This page documents some usability problems of Opera web browser.

No Drag and Drop

You cannot “drag and drop” images to a folder on desktop to save it. They insist on using different keyboard shortcuts than every browser.

Non-standard Keys

For example, 【Ctrl+Tab】 is for switching tab. But in Opera, it pops up a tab menu instead. Normally, i can quickly switch to different tabs and stop at the one i want, visually looking at each tab for fraction of a second. With Opera, i have to read the titles or small thumbnails.

The 【Ctrl+w】 key lets me close a tab in IE, Firefox, Chrome, Safari, but doesn't work in Opera.

Ctrl+Click】 lets me open a link in a new tab in all browsers. Not so with Opera. It opens the new link in the current tab, same as simple click.

Non-standard Tab Ordering

Also, when closing a tab, instead of showing the tab next to the closed one, Opera tries to be smart and jump to some other tab, something like the one opened before the one you closed. Very confusing. Same thing happens when switching to next/prev tabs using their 1 and 2 key shortcuts on the numerical keypad.

Non-standard Zoom-in Keys

Ctrl++】 does not zoom in.

Does not support Scroll-wheel Side-push

Nudging my mouse's scroll wheel to the sides should scroll window horizontally. It does not work in Opera, but it does in IE, Chrome, Safari, Firefox. While Opera is supposed to suppose some fancy “gestures”. Gesture my ass.

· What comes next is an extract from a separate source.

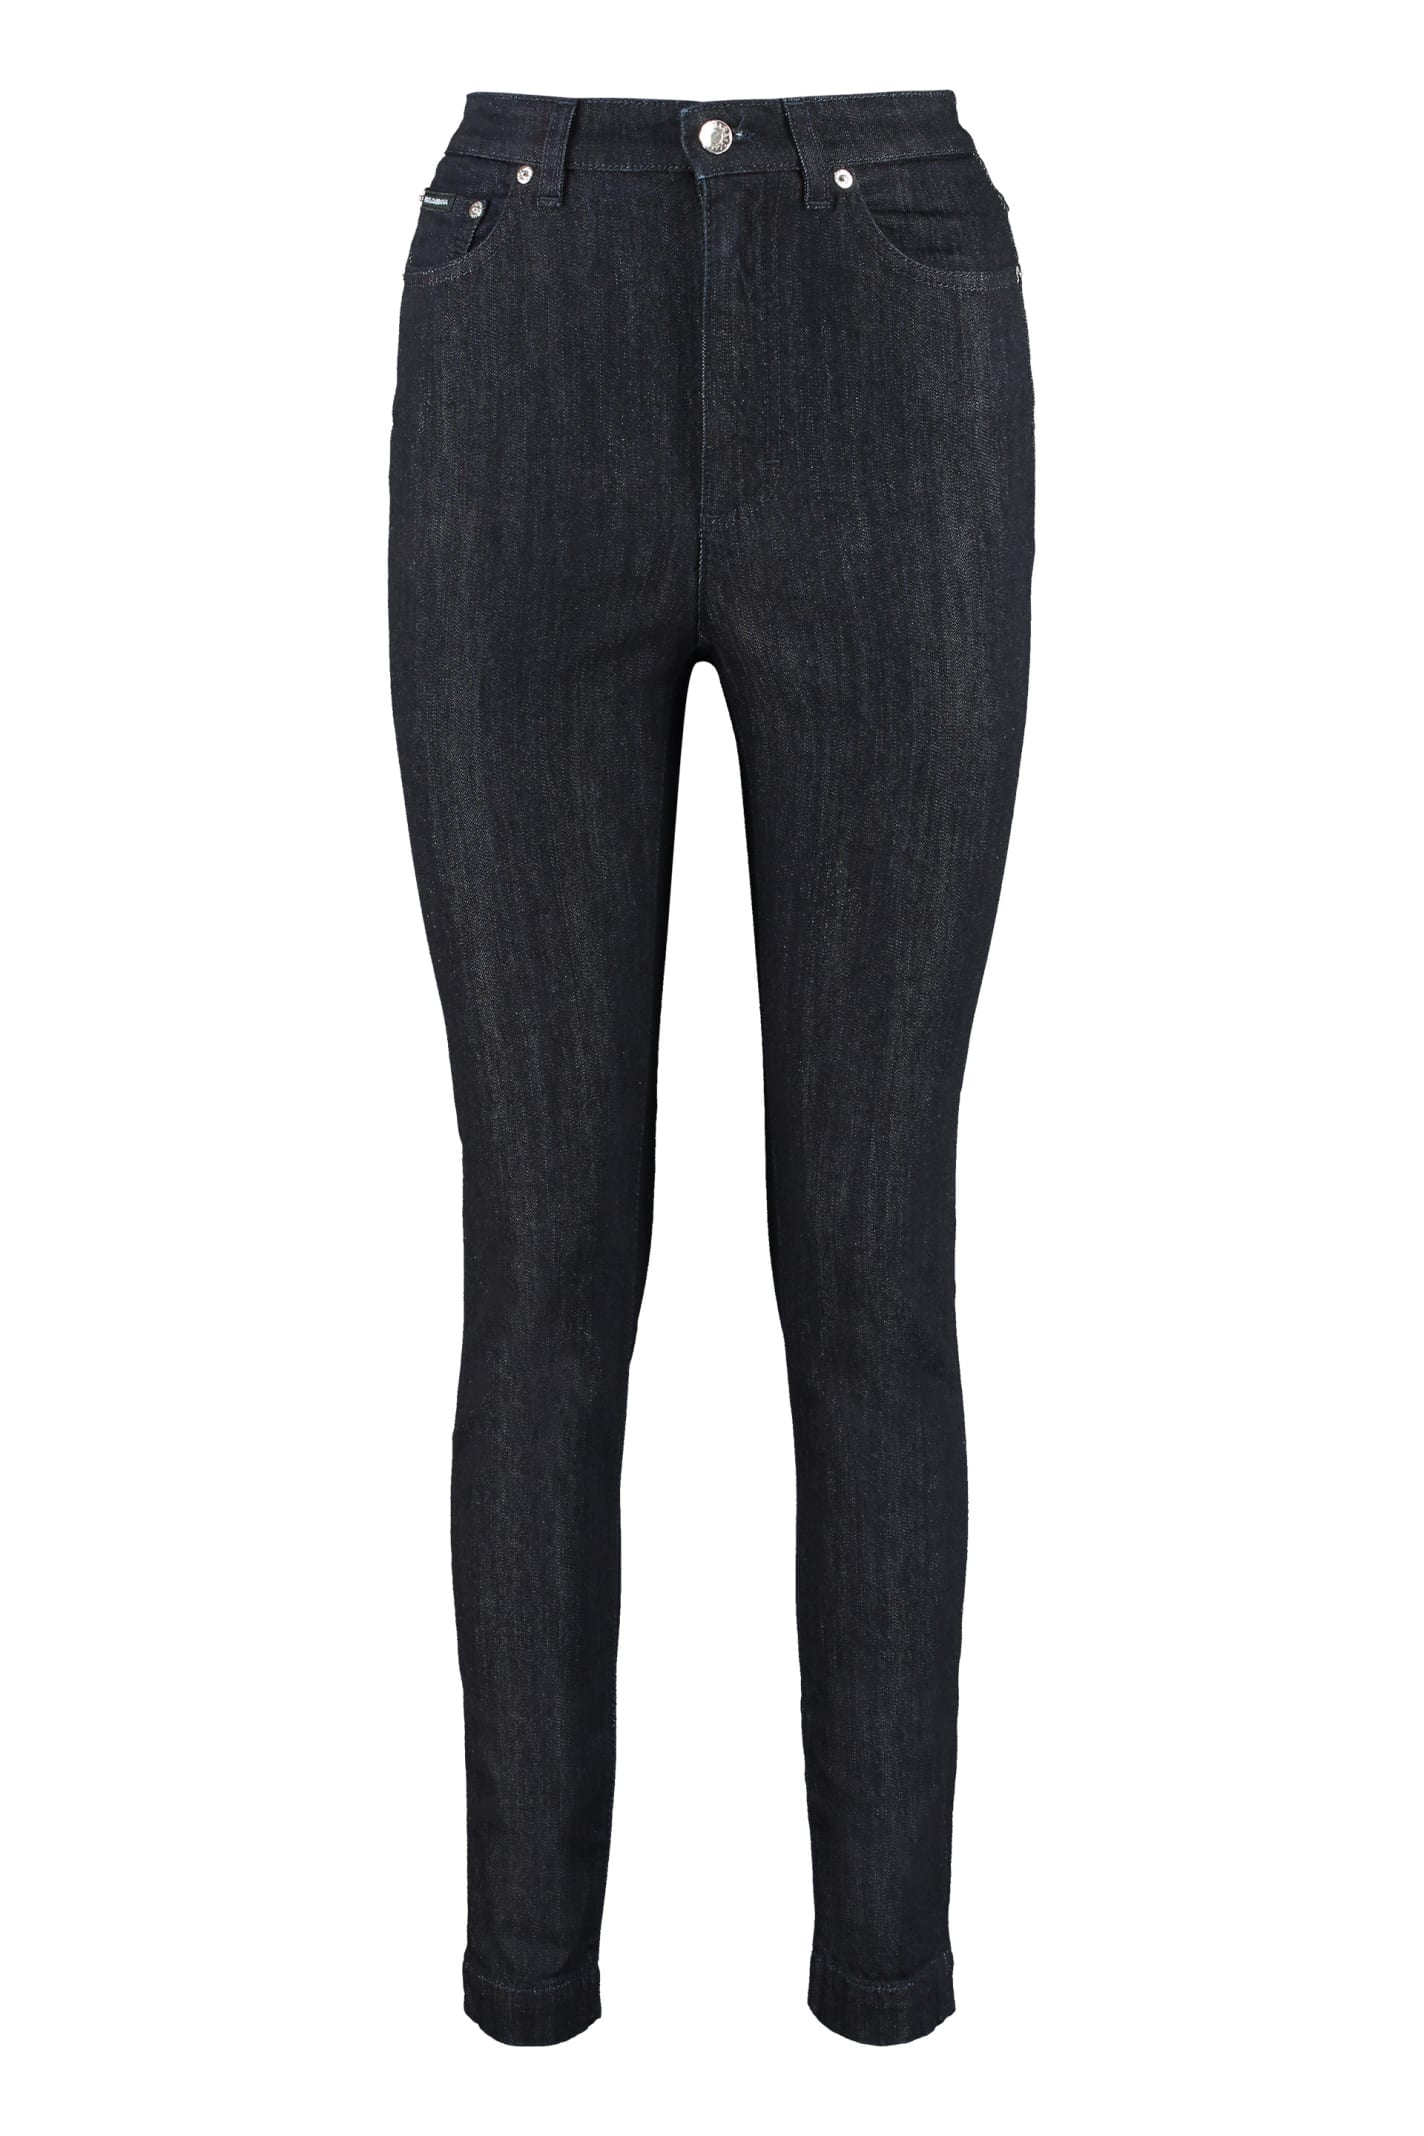 Dolce & Gabbana Grace 5-pocket Jeans

Weird Numerical Keypad Key Behavior

The number keys on the numerical keypad do weird things. For example, 7 seems to zoom out to 20%. 8 zooms to 120%. 5 turns the current tab into a window, inside the main window. 1 and 2 is for switching prev/next tab.

The 1 and 2 key for switching tabs is convenient. You can repeatedly press one of these keys to get to the tab you want. However, if you landed on a empty page (new tab), the key starts to insert text in the url field.

Weird Fancy Features

In 10.5x, it sports some unusual sidebar widgets, like “Unite”, “Notes”, and some Sync. And also a trashcan?! Am i supposed to spend a hour study what these are?

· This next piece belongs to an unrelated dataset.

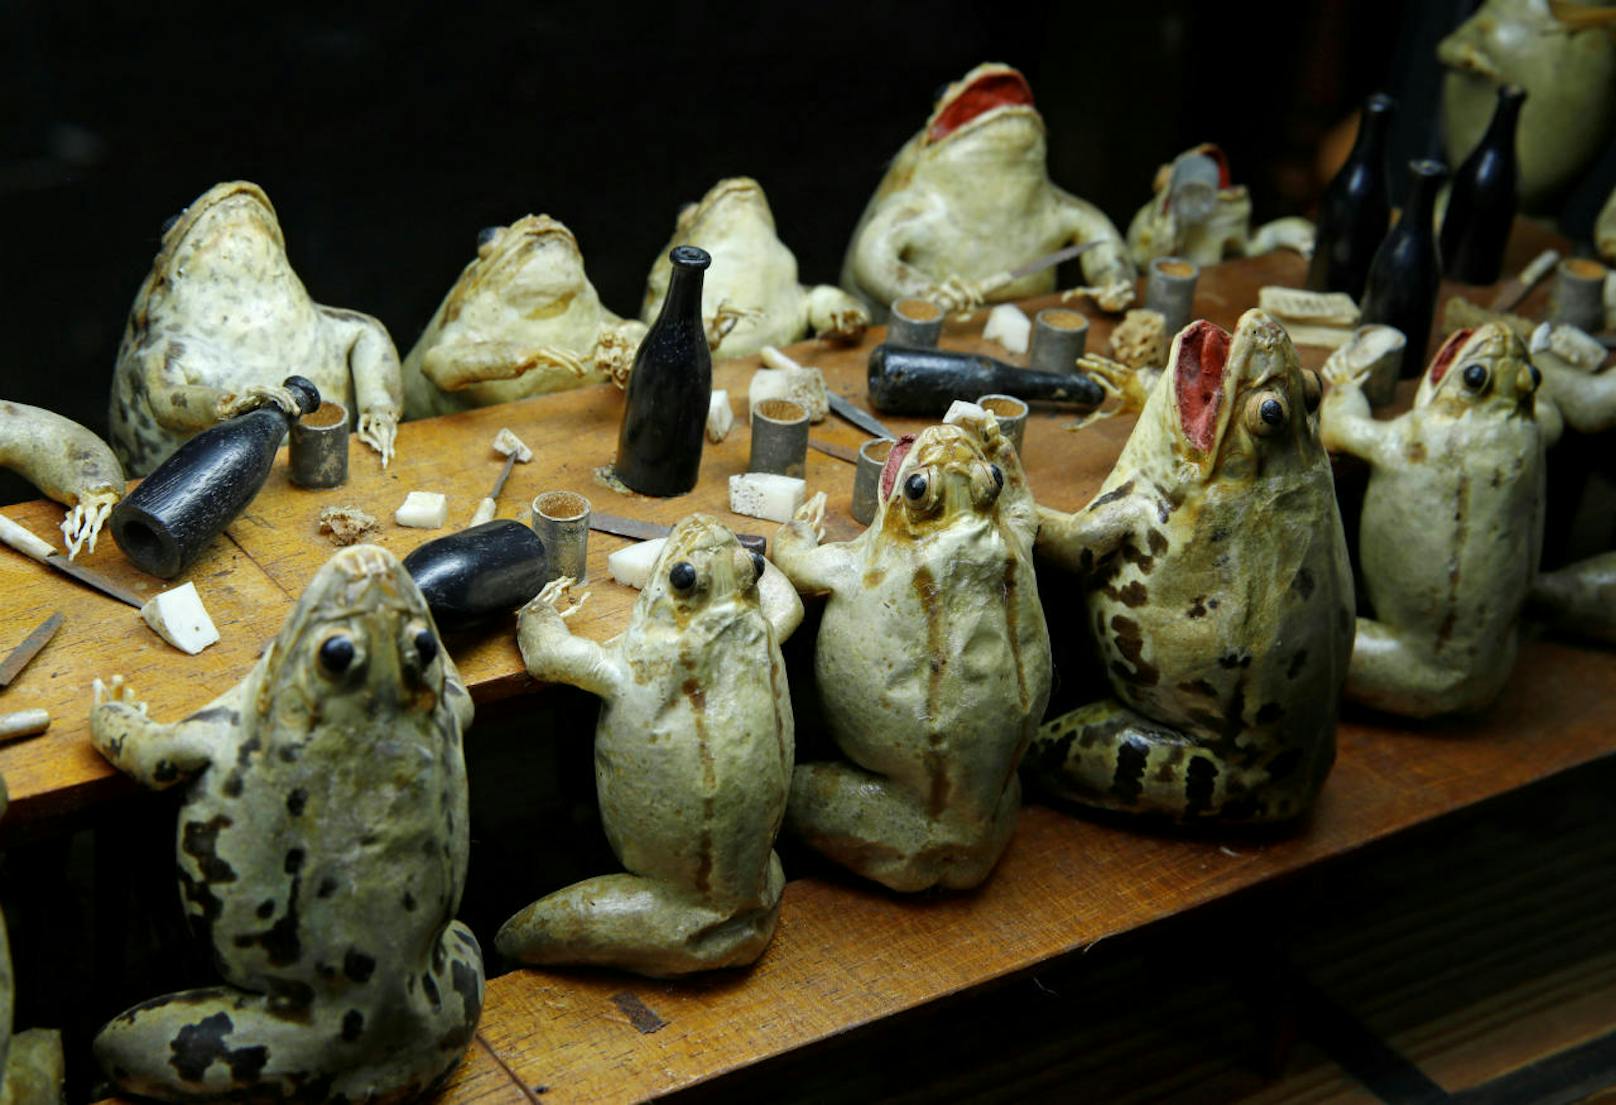 Frösche essen in einem Wahllokal. Im Froschmuseum in Estavayer-le-Lac in der Schweiz stellen 108 ausgestopfte Frösche Alltagsszenen aus dem 19. Jahrhundert dar.

Yeah, supposedly all these can be customized. But every time i tried to look at its preference settings, it's nearly impossible to find or set what i want, because it sports its own fancy structure and UI too.

Non-standard Preference Setting

I tried to use Opera few times every year since 1998. Every time i got frustrated. In the latest version, 10.5x, even the graphical user interface is different. When Apple or Google Chrome sports novel GUI, i didn't have any frustrating experience. I can still do what i want, sometimes more conveniently, and am able to quickly tweak preferences for things i don't like.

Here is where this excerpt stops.